Sa’li had been alone for two weeks now. The near barren rock where she was stranded had almost no traffic. And what there was, she couldn’t afford a charter, even if she was near port. The moon was smaller than her homeworld back starward. The gravity still made her uneasy. She tripped over a crack in the carved stone of the ground and lofted into a nearby wall before stumbling to her feet. The air glistened with the silicate dust she had kicked up. An incomprehensibly geometric flow of stars illuminated by the long evening sun stormed from where her hand landed on the wall.

Two weeks earlier, her ship had crashed. It was a small subluminal ship with a small crew she had only recently joined. It was her first trip to the outer planets. They had been hired as couriers of two locked crates. She hadn’t asked what was in them, and the captain hadn’t offered that information. They were headed to a large moon in orbit around the gas giant Tiash’a.

After weeks sailing, she had picked up a ghost signal in their wake. She didn’t want to be the nervous new comms officer and thought better of bringing it up. It was only there for a moment, probably just signal noise she explained away in her head. Maybe just first mission jitters. A hard lesson was learned a few days later when that signal firmed up just a few hundred klicks off their stern. It was dark, but it was definitely a ship, and no captain on the level flies dark. Just as they were readying for entry, the pirates attempted their boarding. The captain had been prepared as soon as she built up the courage to tell him. But it wasn’t enough time. A mercantile craft like the Shona doesn’t have robust defenses. They put up a good fight, knocked the pirates out of commission, but the Shona went down with them.

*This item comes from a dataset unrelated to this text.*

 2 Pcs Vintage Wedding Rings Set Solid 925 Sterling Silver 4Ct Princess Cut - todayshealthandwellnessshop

Sa’li woke a day later, laying atop a small dune of sand that had built itself along a perimeter wall. She was a few hundred yards from what remained of the Shona. She spent the next three days digging five graves and giving last rites for people she hardly knew, who had died for no reason, in defense of a couple of boxes to be passed from one stranger to another. They had been kind. Given her a chance when the world hadn’t. Helped her break free of the well and the poverty that fell into it. What was the old saying? Money is lighter than air? If so then poverty is an anchor.

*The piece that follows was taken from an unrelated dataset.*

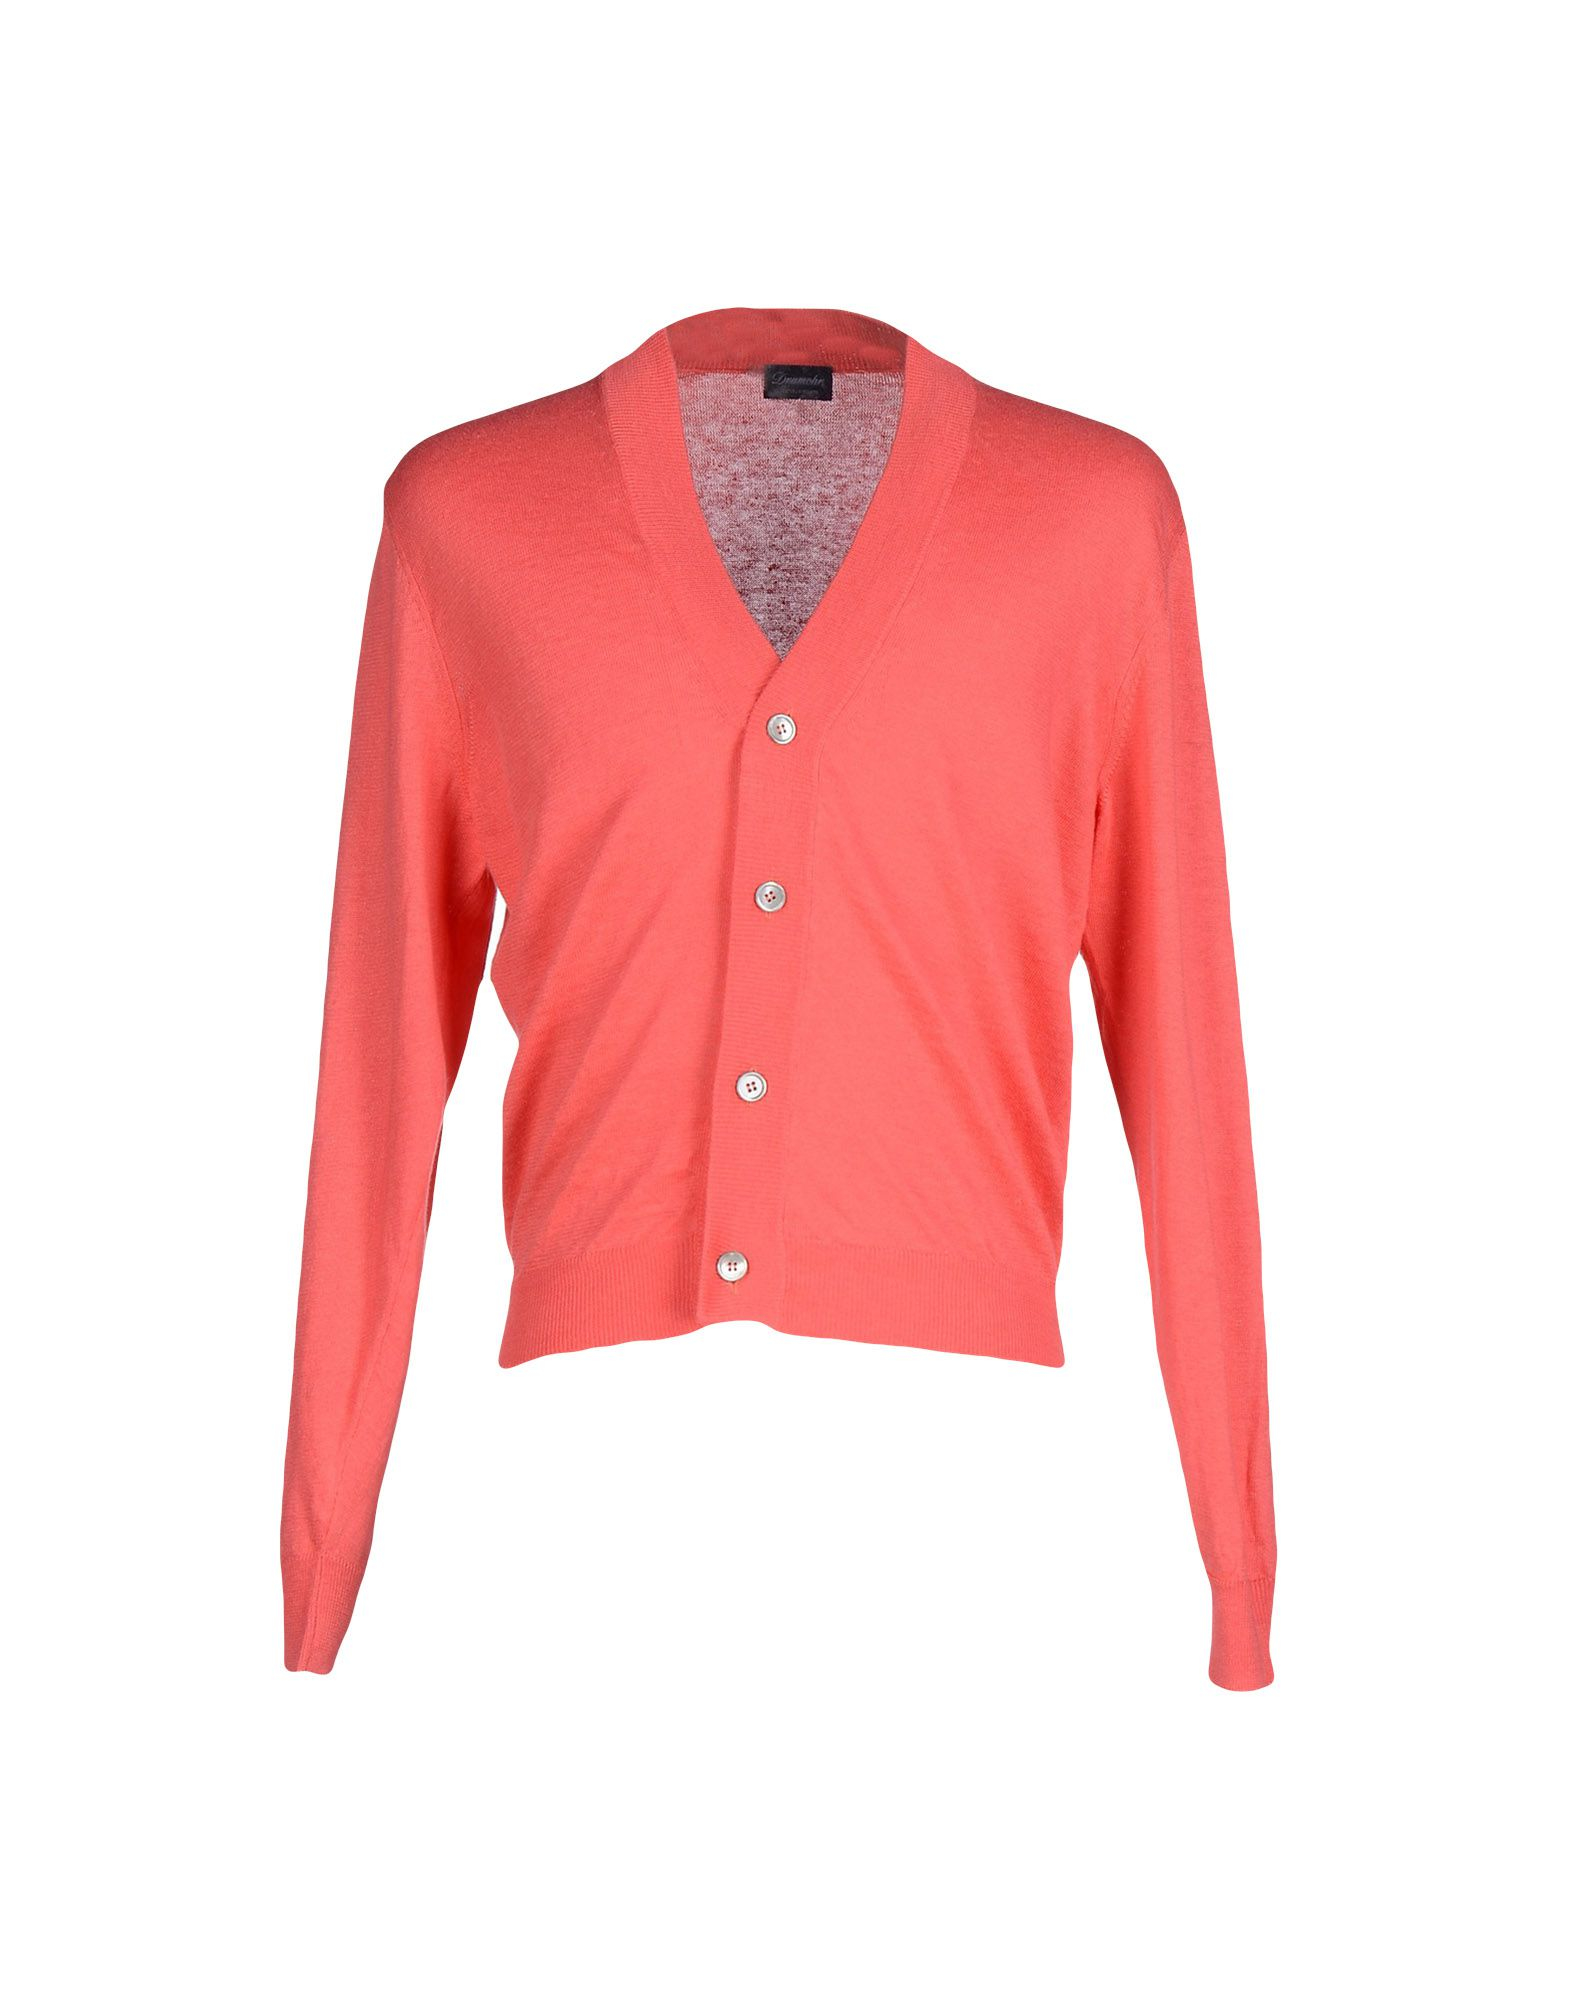 Drumohr Cardigan in Pink for Men (Coral) - Save 64% | Lyst

The cold bit her face after sunfall. The emergency heater didn’t help much but it was all she had. She had scoured the ship for everything of use. A simple sled that she packed with all of the rations, water, weapons, and sundries she could find to keep herself alive for the foreseeable future. Along with the supplies she had also brought the two locked crates and a little black notebook that she had found in a drawer that had once lived in the captain’s desk.

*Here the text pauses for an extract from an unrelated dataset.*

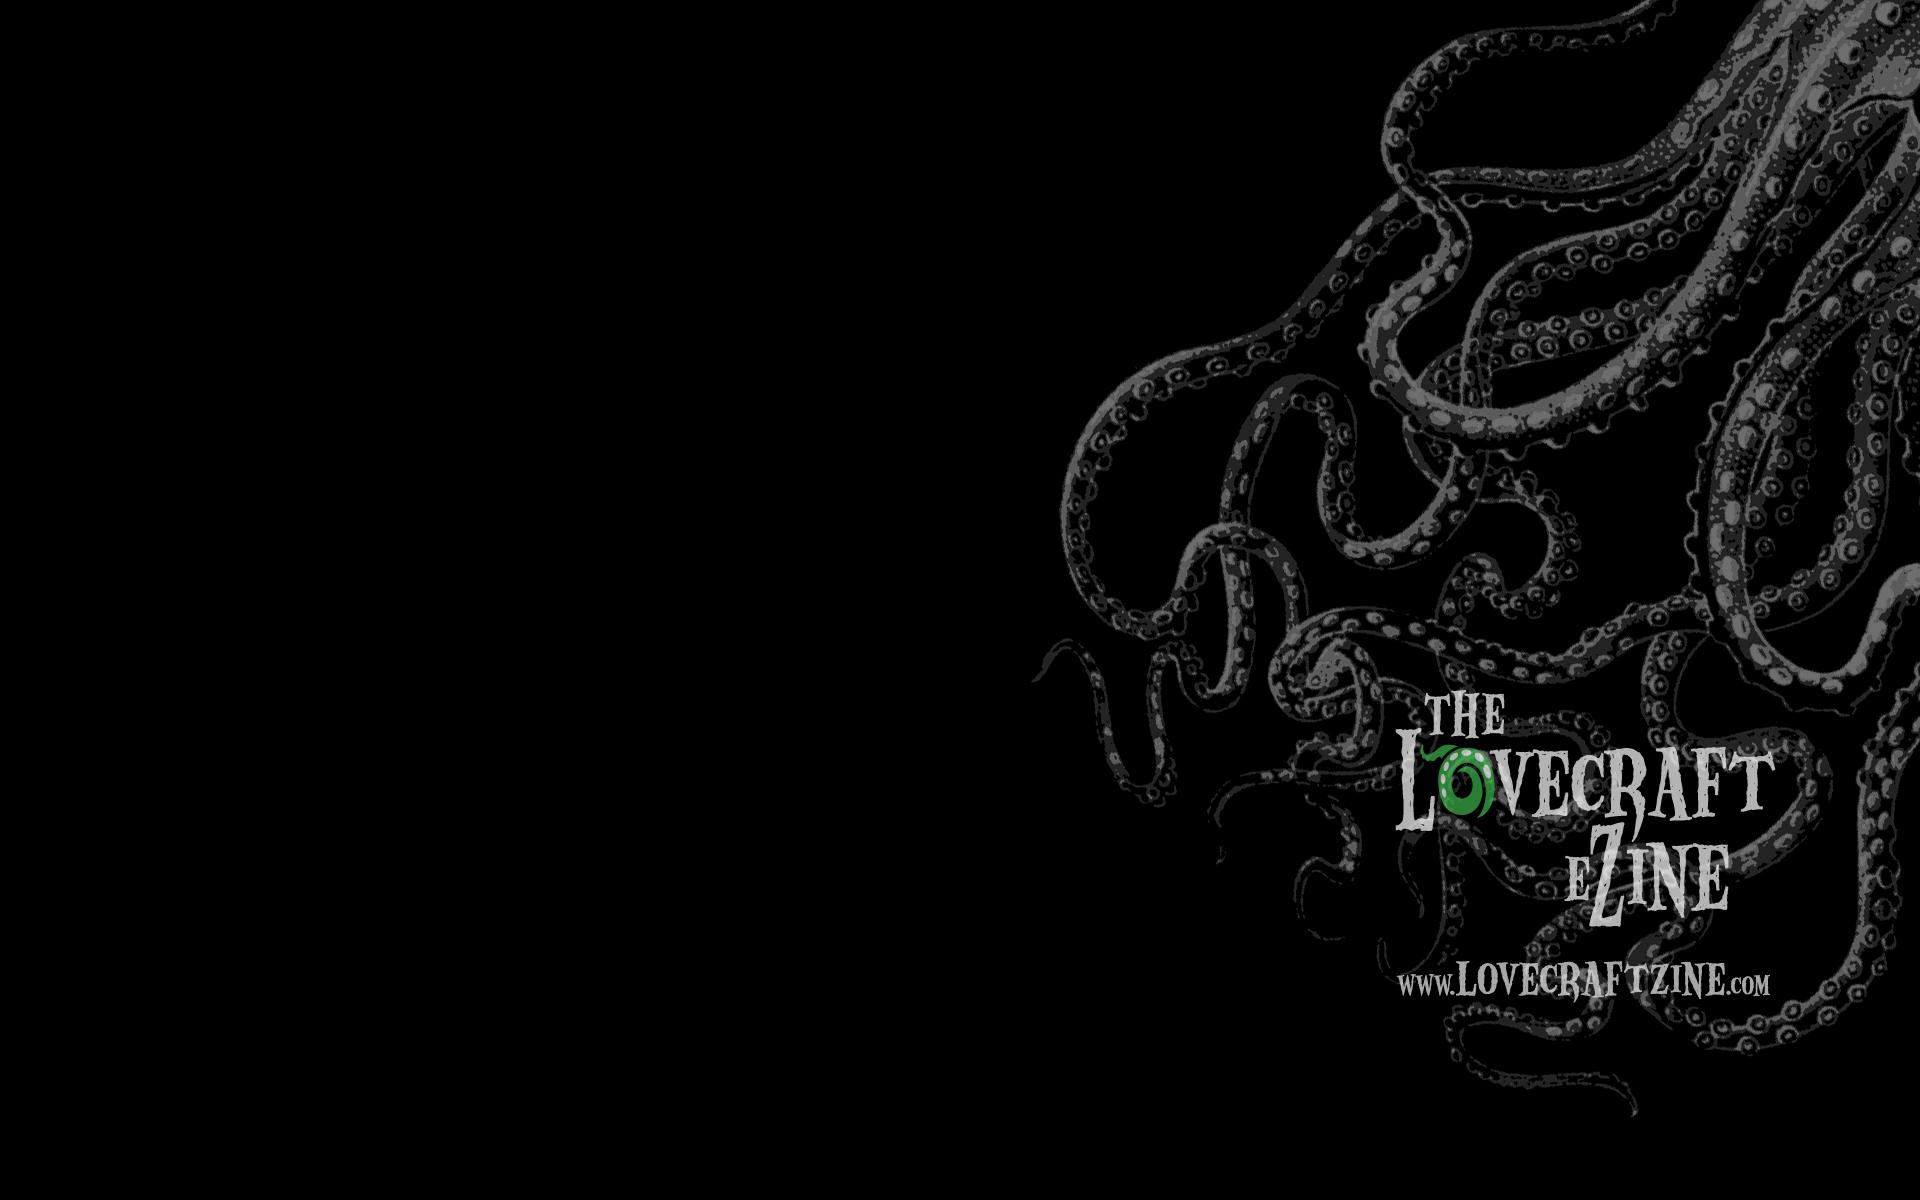 Lovecraft Ezine Wallpaper

She fanned through its pages as the dry cold wicked her heat away. Thin, soft, yellowed as if they were aged. The notebook was filled. Schematics. Diagrams. Maps. Unintelligible scratchings that might be sloppy common, or maybe code. Folded up and stuffed in the back cover were coordinates for the exchange of the locked crates they had toted halfway across the system.

She pulled up the map on her handheld and logged the distance she had traveled that day, and plotted her route towards the coordinates. She still had a hard day of hiking before she reached her destination. It would be late, but she would make it. She had to. If she could just make the delivery, then she would have the money to get off this rock. Maybe not back home. But what was waiting there for her anyway? No, she didn’t need to get home. She just needed to get away from here. To get away from death. The cold eventually lulled her to sleep as she pulled the heater in closer to herself and folded into the crook of her makeshift windbreak that was her sled.

Images of her mangled crewmates being torn from the Shona while the fires of reentry burned in the viewports woke her with a start. She grabbed her chest, heart pounding. Sweating even though the air still gnawed at her skin. Shaking, but not from the cold. The sun just beginning to break the horizon. It was weaker here than at home. But luckily the nights were short, and the days were long by some fortune of celestial mechanics. It kept the temperature bearable. Mostly.

She sat up and swallowed hard feeling the sand of thirst grate at the back of her throat. She pulled her water skin from inside her suit and took a long swallow. It hurt like swallowing a steel ball that was too large to go down. She keeled over as the pain made its way down her neck and eventually subsided. These dry nights would kill her soon if she didn’t pick up her pace. She tenderly took another sip and stood up.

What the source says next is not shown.